Proses evakuasi korban dan bangkai pesawat Sukhoi Superjet 100 di Gunung Salak, Bogor, Jawa Barat, memasuki hari keempat. Beratnya medan yang dilewati membuat tim menghabiskan tenaga yang tidak sedikit. Meski demikian, tim terus berusaha melanjutkan pencarian jasad korban dan kotak hitam di antara puing-puing pesawat.
Kepada merdeka.com Minggu (13/5), salah satu anggota Tim SAR yang enggan disebutkan namanya mengakui untuk sampai ke titik jatuhnya pesawat butuh stamina yang fit. Curamnya tebing dan dalamnya lembah membuat mereka ekstra hati-hati. Sebab, jika salah perhitungan bukan tidak menimbulkan korban baru.

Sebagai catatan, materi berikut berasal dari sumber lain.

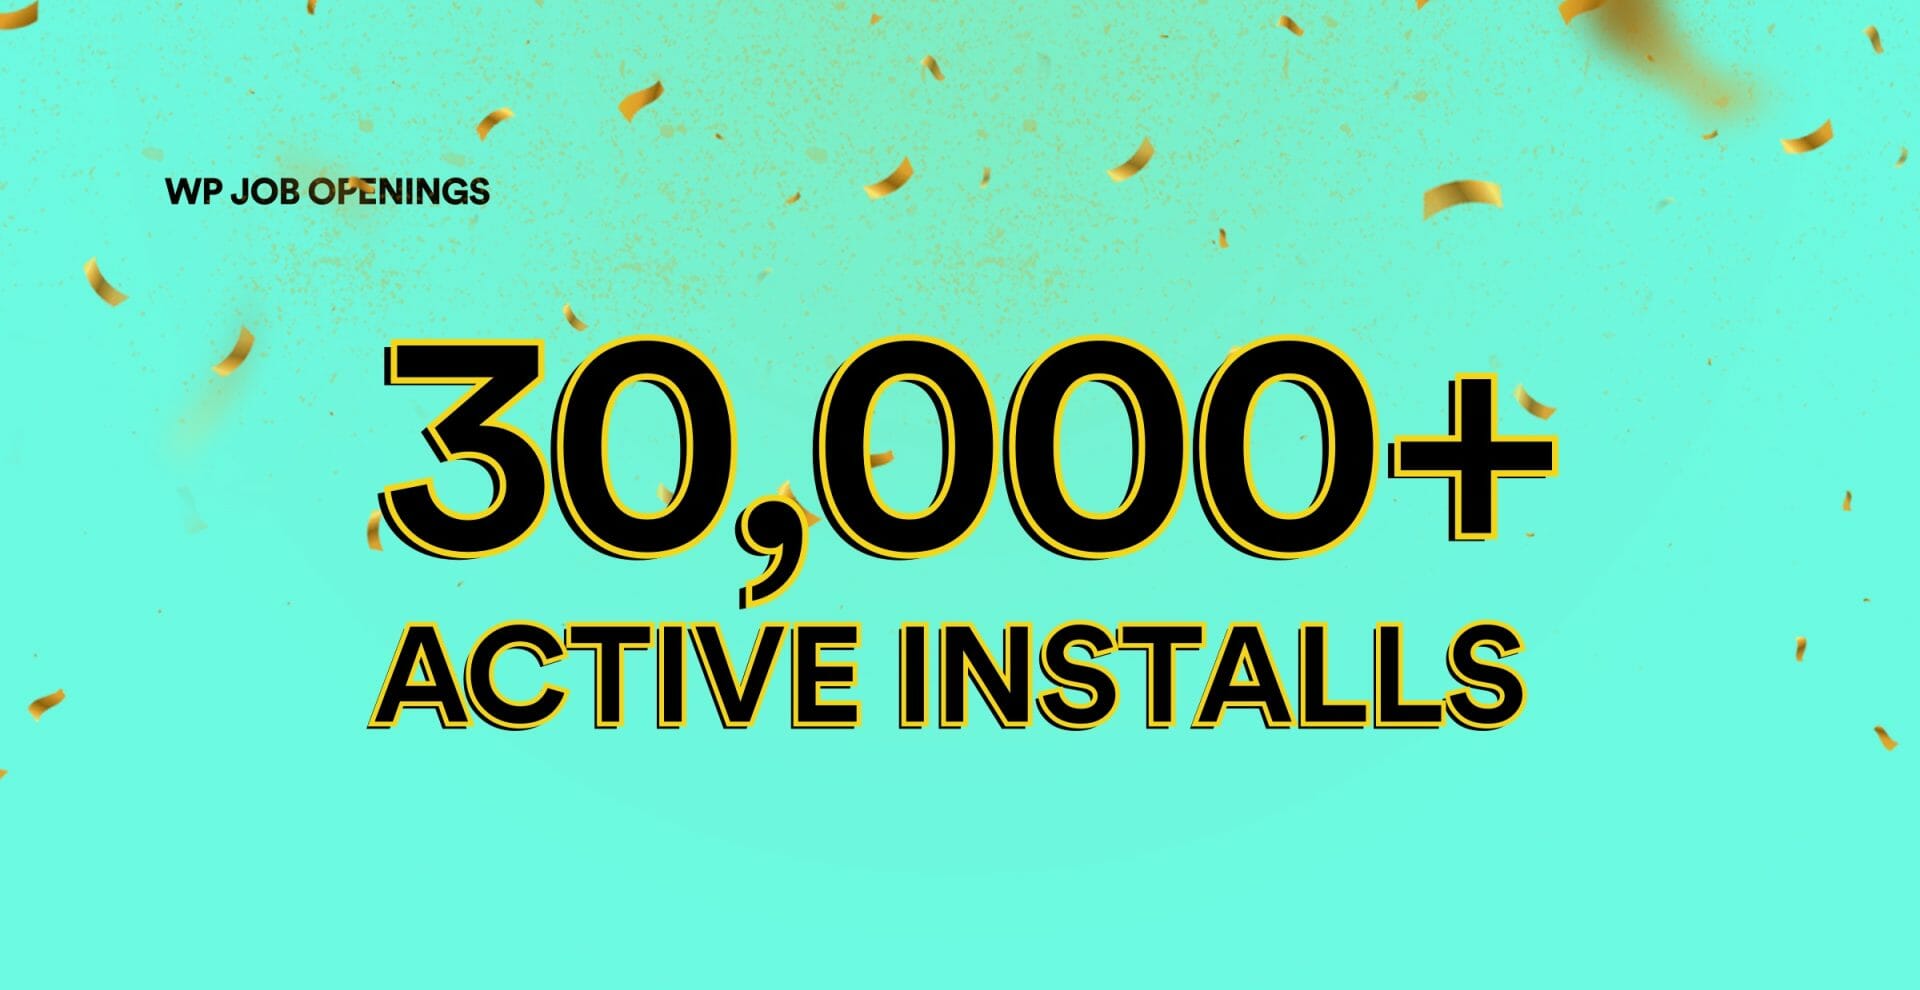 Achieving 30K Active Installations: A Walk Down the Memory Lane

Sebagai manusia biasa, tak bisa dipungkiri fisik para tim evakuasi yang di atas puncak mulai menurun jika dibandingkan hari-hari sebelumnya. Siang ini, posko Pasir Pongkor, Cijeruk, telah menyulpai logistik seperti makanan, minuman serta obat-obatan.
"Kalau soal akan ada aplusan atau tidak itu tergantung pimpinan. Cuma kalau memang ada yang tidak kuat dan minta diganti, tentu akan diganti," cerita pria tersebut.
Hari ini cuaca di sekitar Gunung Salak cukup cerah. Meski angin yang bertiup juga sangat kencang.
Namun, proses evakuasi sejak pagi hingga siang ini tidak selancar hari sebelumnya. Sejak pagi tadi sekitar pukul 07.00 memberangkatkan 2 kantong jenazah ke Lanud Halim Perdanakusuma, heli baru terlihat terbang kembali menjemput kantong jenazah ke lokasi jatuhnya pesawat pada pukul 11.20 WIB. Padahal hari sebelumnya, lalu lintas heli di udara terlihat lebih ramai.
Saat ditanya kepada petugas apakah memang ada instruksi evakuasi dihentikan sementara, mereka menampiknya
"Ini bukan dihentikan karena masalah angin, tapi petugas yang di atas sedang membereskan kantong mayat yang akan diangkut menuju ke sini," jelas pria itu lagi.
Proses evakuasi korban pesawat buatan Rusia ini ternyata mengundang perhatian penduduk sekitar. Warga datang berbondong-bondong sejak pagi hari. Bahkan di antara mereka ada yang benar-benar persiapan seperti membawa tikar juga perbekalan.(mdk/lia)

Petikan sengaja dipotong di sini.